The Fincastle Resolutions was a statement reportedly adopted on January 20, 1775, by fifteen elected representatives of Fincastle County, Virginia. Part of the political movement that became the American Revolution, the resolutions were addressed to Virginia's delegation at the First Continental Congress, and expressed support for Congress' resistance to the Intolerable Acts, issued in 1774 by the British Parliament.

Background
Other counties in Virginia had passed resolutions similar to the Fincastle Resolutions in 1774, such as the Fairfax Resolves, but the Fincastle Resolutions were the first adopted statement by the colonists which promised resistance to the death to the British crown to preserve political liberties.  Throughout 1774, the Fincastle signatories had been fighting in Dunmore's War against the Shawnee to the west, and were not able to formally express their sentiments about the constitutional dispute until January 1775.  The Fincastle representatives reportedly adopted the resolutions at Lead Mines (modern Austinville, Virginia), the county seat, located in what is now Wythe County, Virginia.

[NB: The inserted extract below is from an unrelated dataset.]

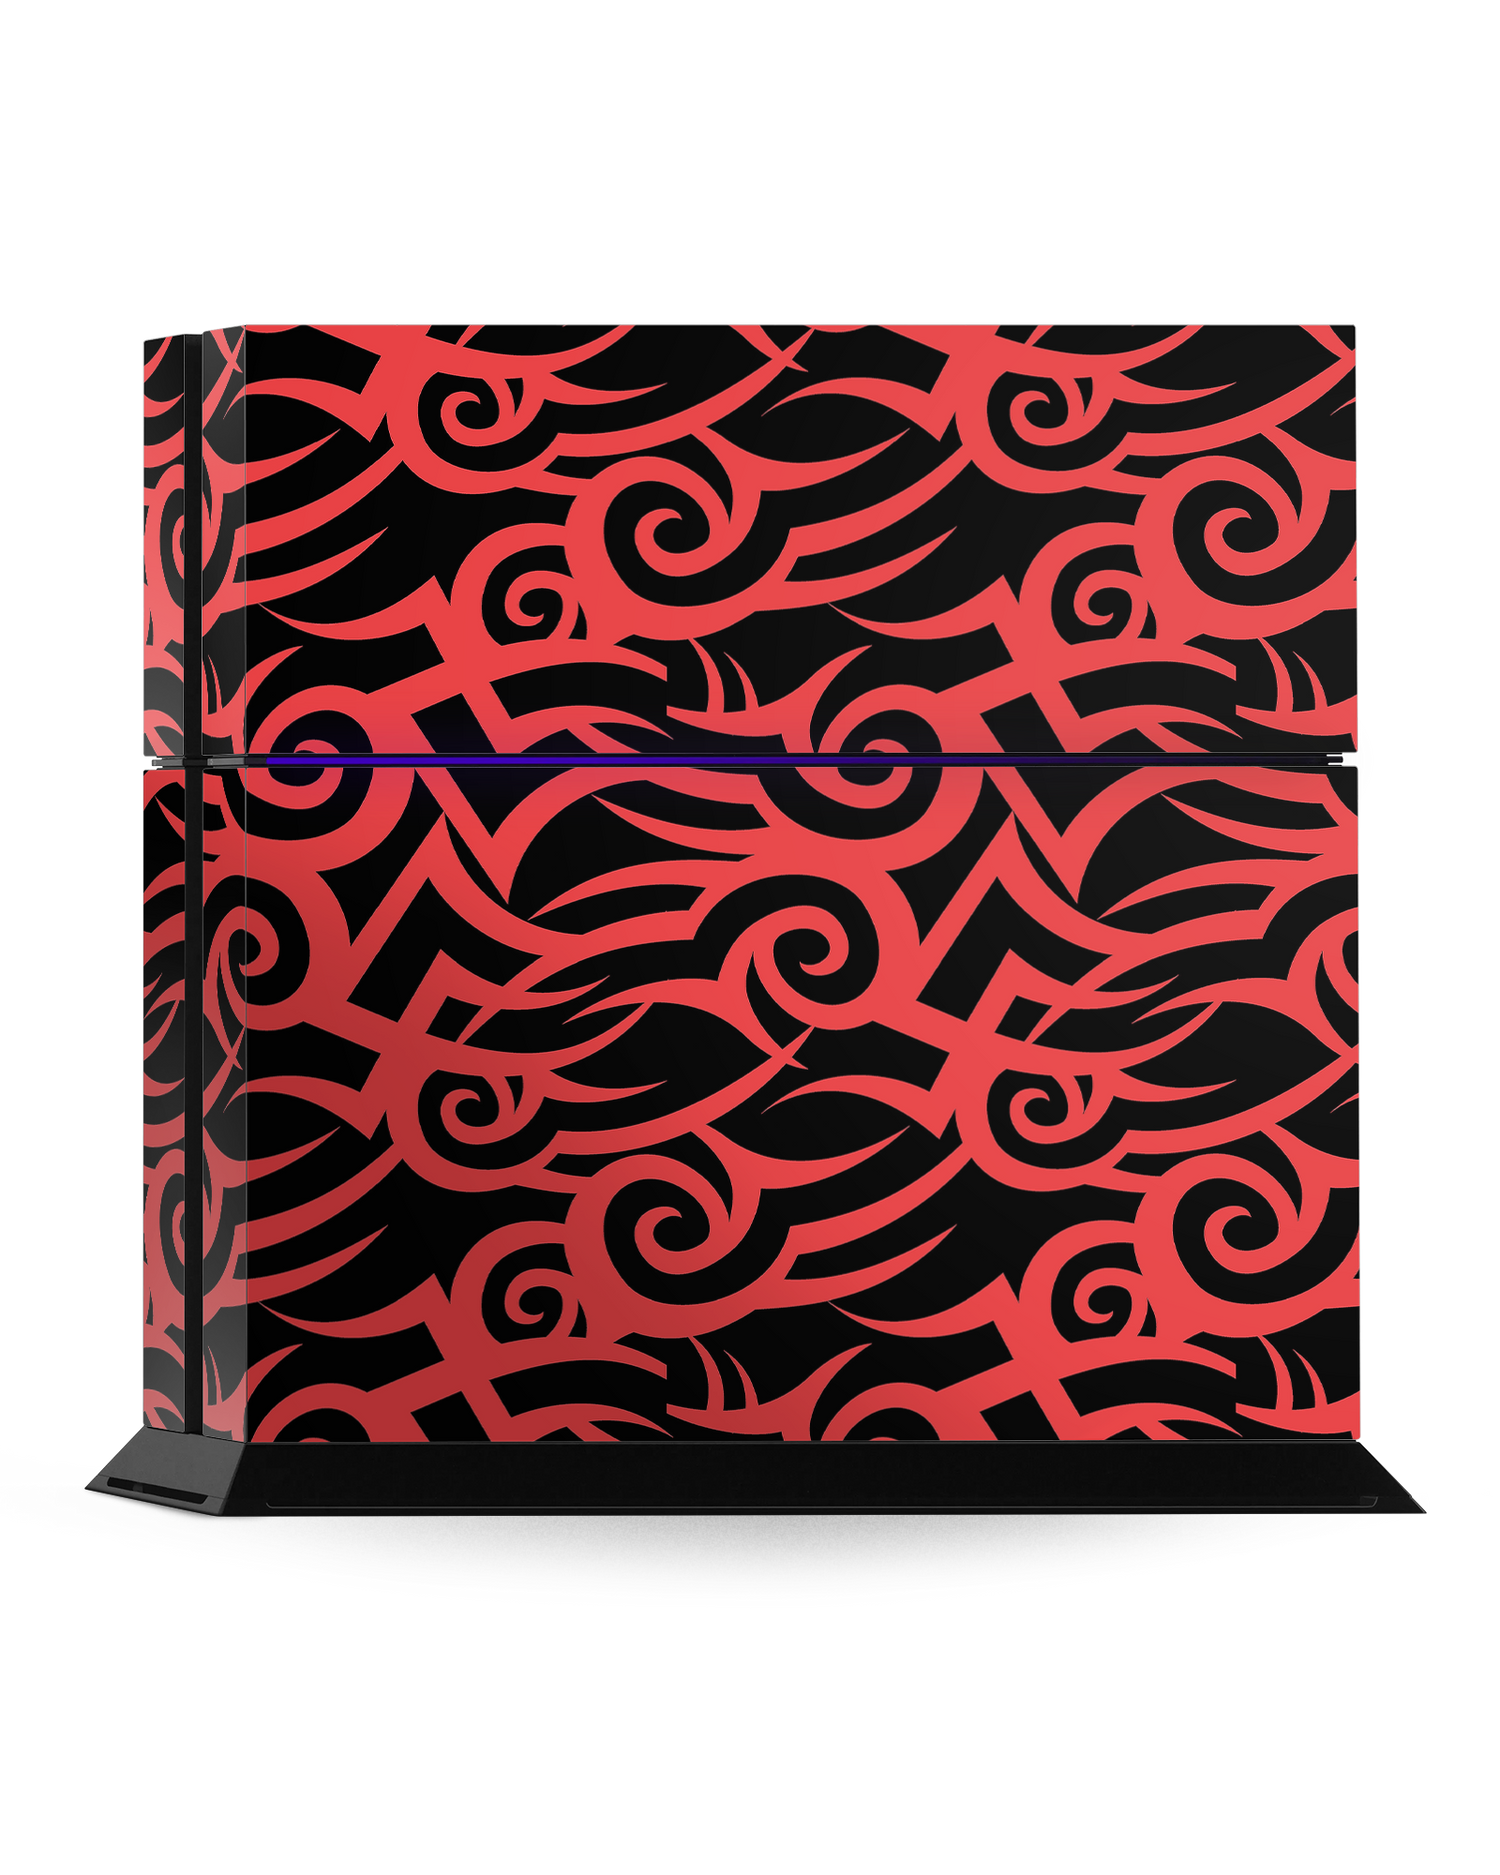 Tribal Pattern Console Skin for Sony PlayStation 4: Standing

Content of the Resolutions

The published text of the resolutions began by proclaiming love for and loyalty to King George III, and that "we are willing to risk our lives in the service of his Majesty, for the support of the Protestant Religion, and the rights and liberties of his subjects..." But the resolutions go on to express dismay that the passage of the Intolerable Acts has threatened the happy relations between "the parent state and the Colonies", and that these violations of constitutional rights are not acceptable.

Context
Historian Jim Glanville writes:
"The actions of the Fincastle committee should not (as they almost always have been) viewed in isolation. Rather, they should be examined in relation to the actions of the committees of Augusta, Botetourt, and Pittsylvania . . . Each of the statements adopted by these four counties pledged (in varying language) that the men who adopted them would give their lives in the cause of American liberty."

Signatories
The 15 reported signatories of the Fincastle Resolutions were: 

Arthur Campbell 
David Campbell
William Campbell 
William Christian 
Walter Crockett 
Charles Cummings 
William Edmondson 
William Ingles 
Thomas Madison 
James McGavock 
John Montgomery 
William Preston 
Evan Shelby 
Daniel Smith
Stephen Trigg 

The clerk of the meeting was David Campbell.

See also
 Augusta Resolves

References

 
 Fincastle Resolves; includes a transliteration of article of February 10, 1775 from "The Smithfield Review;" Williamsburgh, VA; via V Tech Library on-line; article: The Smithfield Review" – Volume XIV – Appendix A; (pub: 2010); accessed October 2020.

External links
 Preston, Thomas L.; Historical Sketches and Reminiscences of an Octogenarian;  Richmond, Va.:  B. F. Johnson Publishing Co.; (1900); pp. 24-28; contains possible text of the Resolutions.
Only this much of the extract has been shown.